Patent law & lawsuits are just ridiculous today. When Google bought Motorola Mobility, I thought it might lead to some interesting new products. However, the real reason they bought Motorola was so that Apple wouldn't put them next on the shakedown list after Samsung.

Christopher Lynt    
Washington, DC  |  October, 09, 2012 at 10:17 AM

I understand your concerns, but they are nothing new - I have heard similar complaints many time since I first got into the patent system in 1985. There is something you are missing since you didn't seem to mention it. Patents can and do also have the effect of spurring innovation. Perhaps more often than not? If someone has a patent and you want to enter the market, you have to design around that patent, i.e., come up with a better idea and product - innovate. Patents are of limited duration, so the monopoly they grant will end one day. On the other hand, the term of the patent may outlast the life-cycle of the technology involved. The drafters of the US Constitution saw fit to include patent protection, leaving implementation up to Congress, and enforcement in the Courts.
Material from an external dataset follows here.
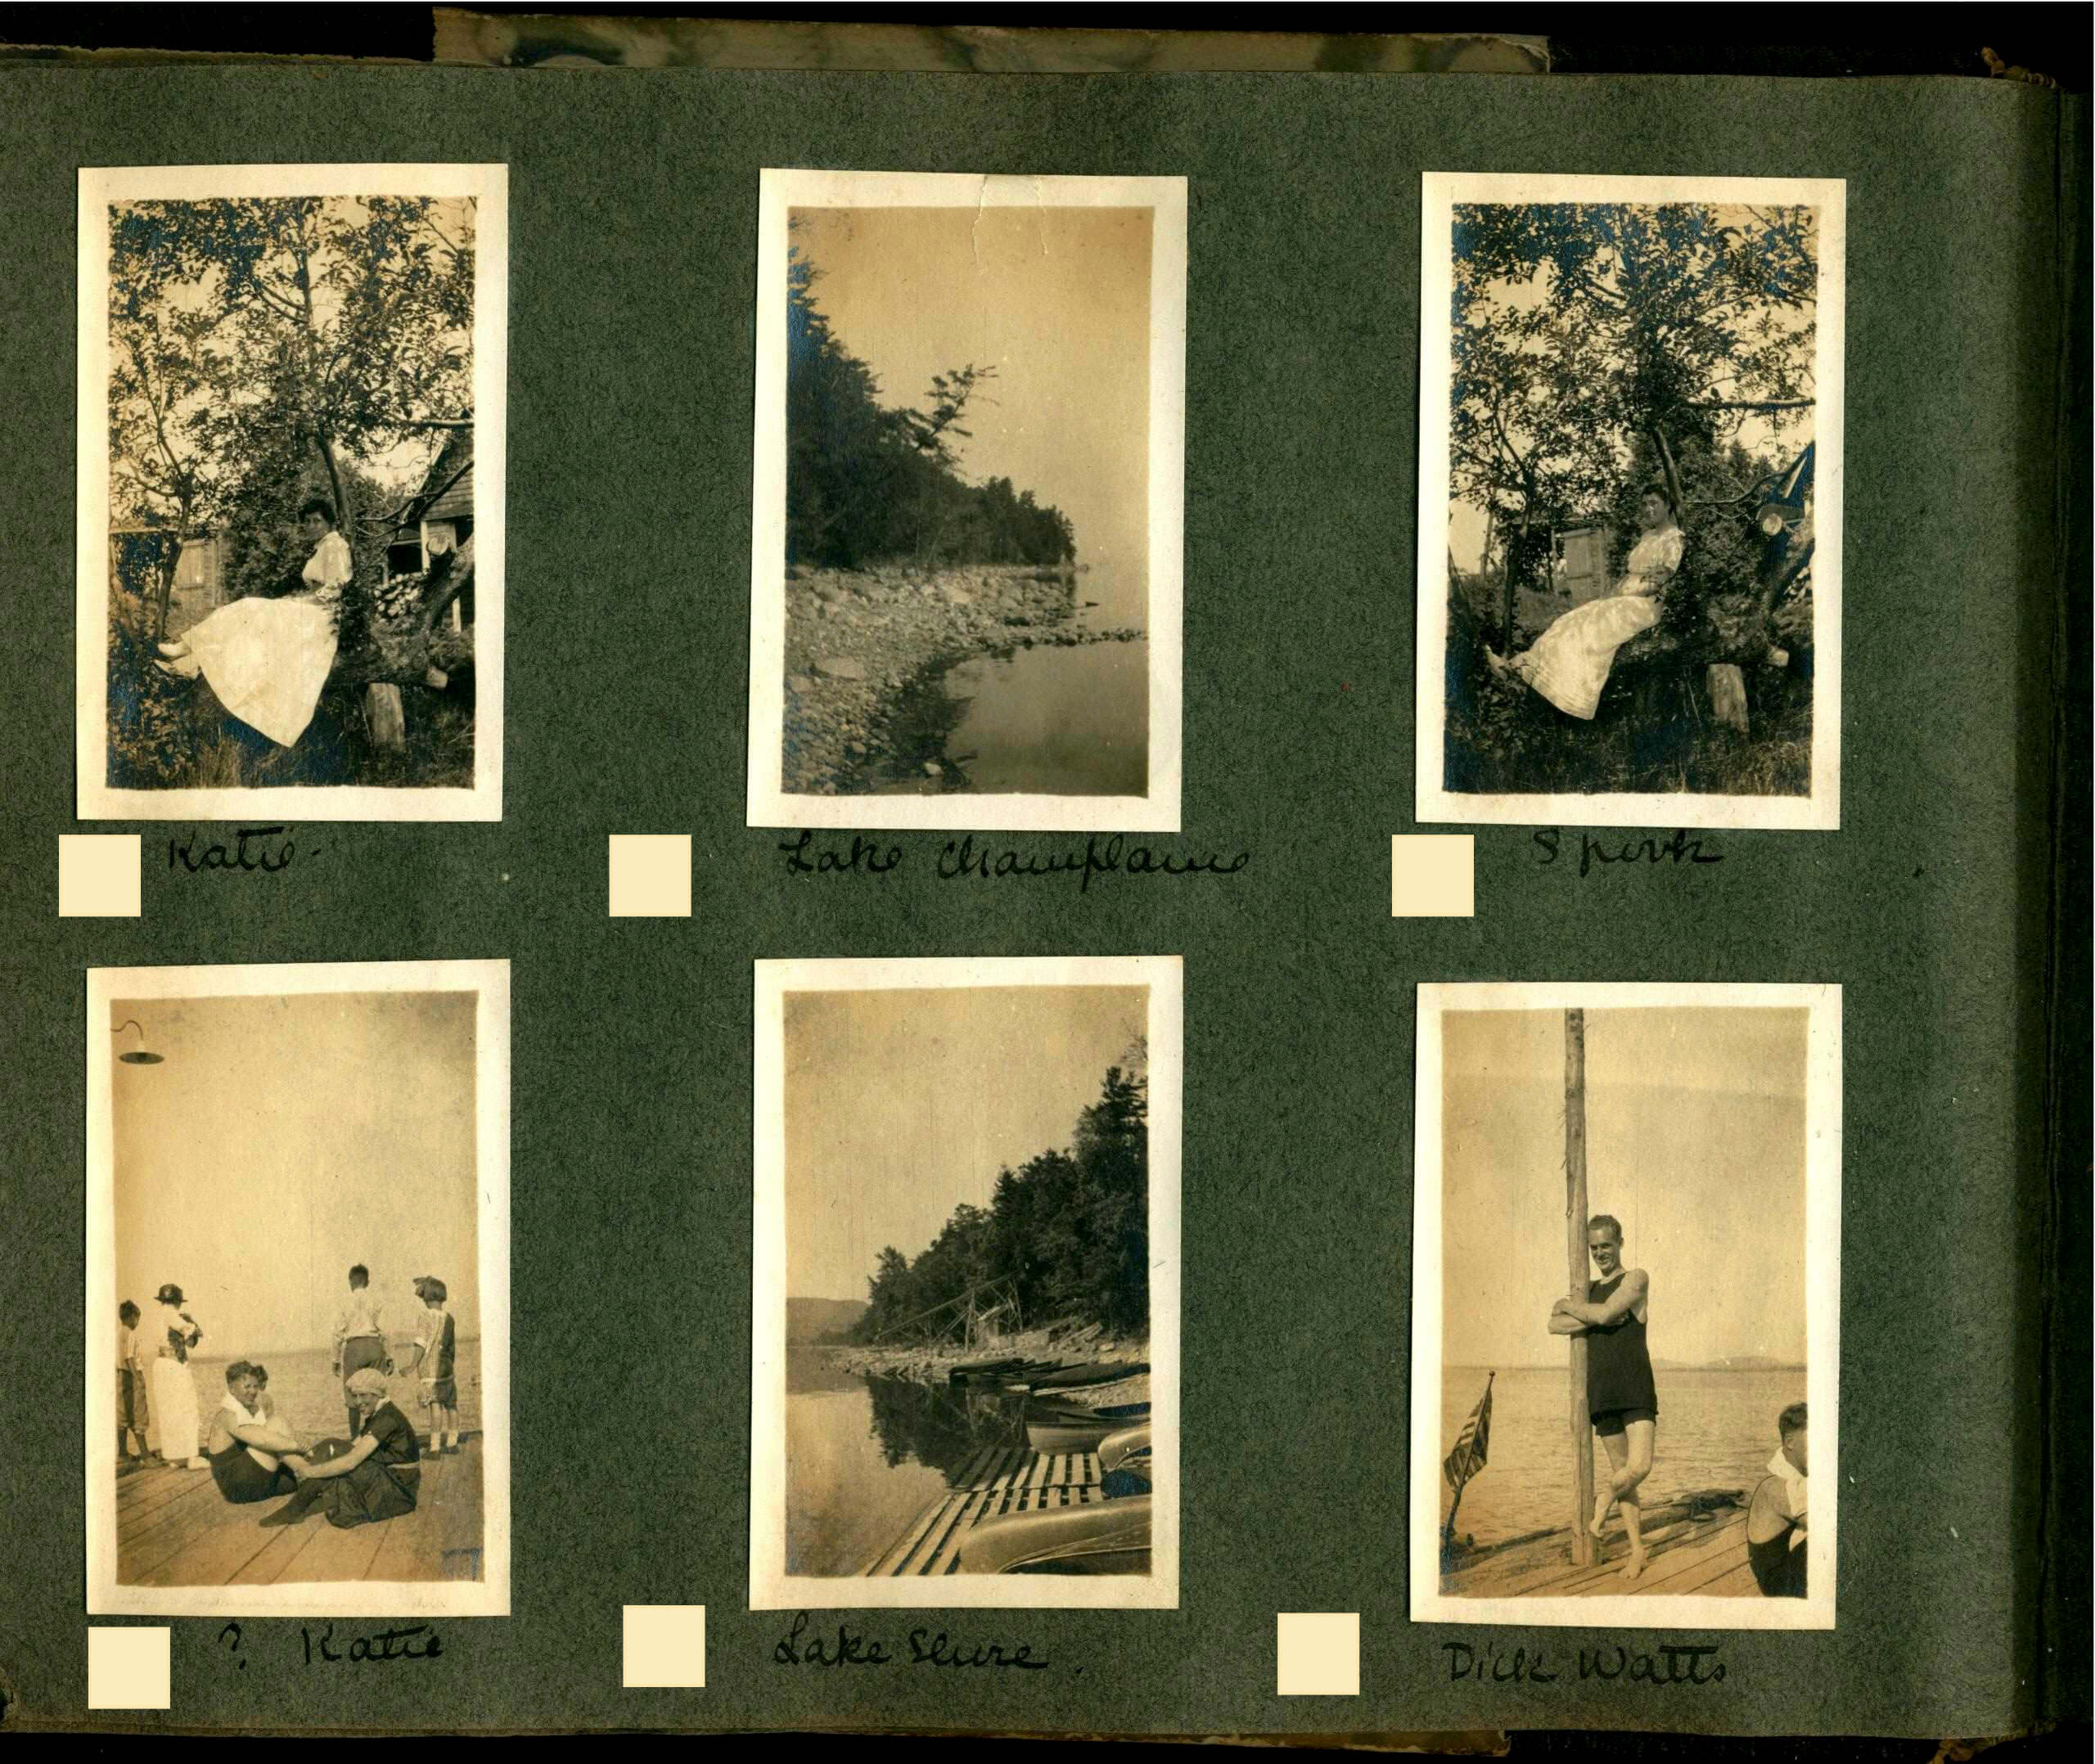 Photo Album circa 1915 Essex, NY -Page 14 of album (Shared by John Strangfeld)

They recognized that with no patent protection, few companies would invest their time and money in innovation knowing that a competitor could 'steal' their ideas with impunity. How would they recoup their R&D investments? Finding the right balance is difficult. Imposing a cap on damages might limit some of the litigation, but it could also deny patent owners just compensation and encourage infringers. A more limited patent term could deny patent owners a chance to recoup their investments. Over the history of the US Patent system it has been tweaked many times. What changes would you suggest to deal with the perceived problem, and what will the consequences of those changes be? Commentary is one thing, but finding the answer is quite another.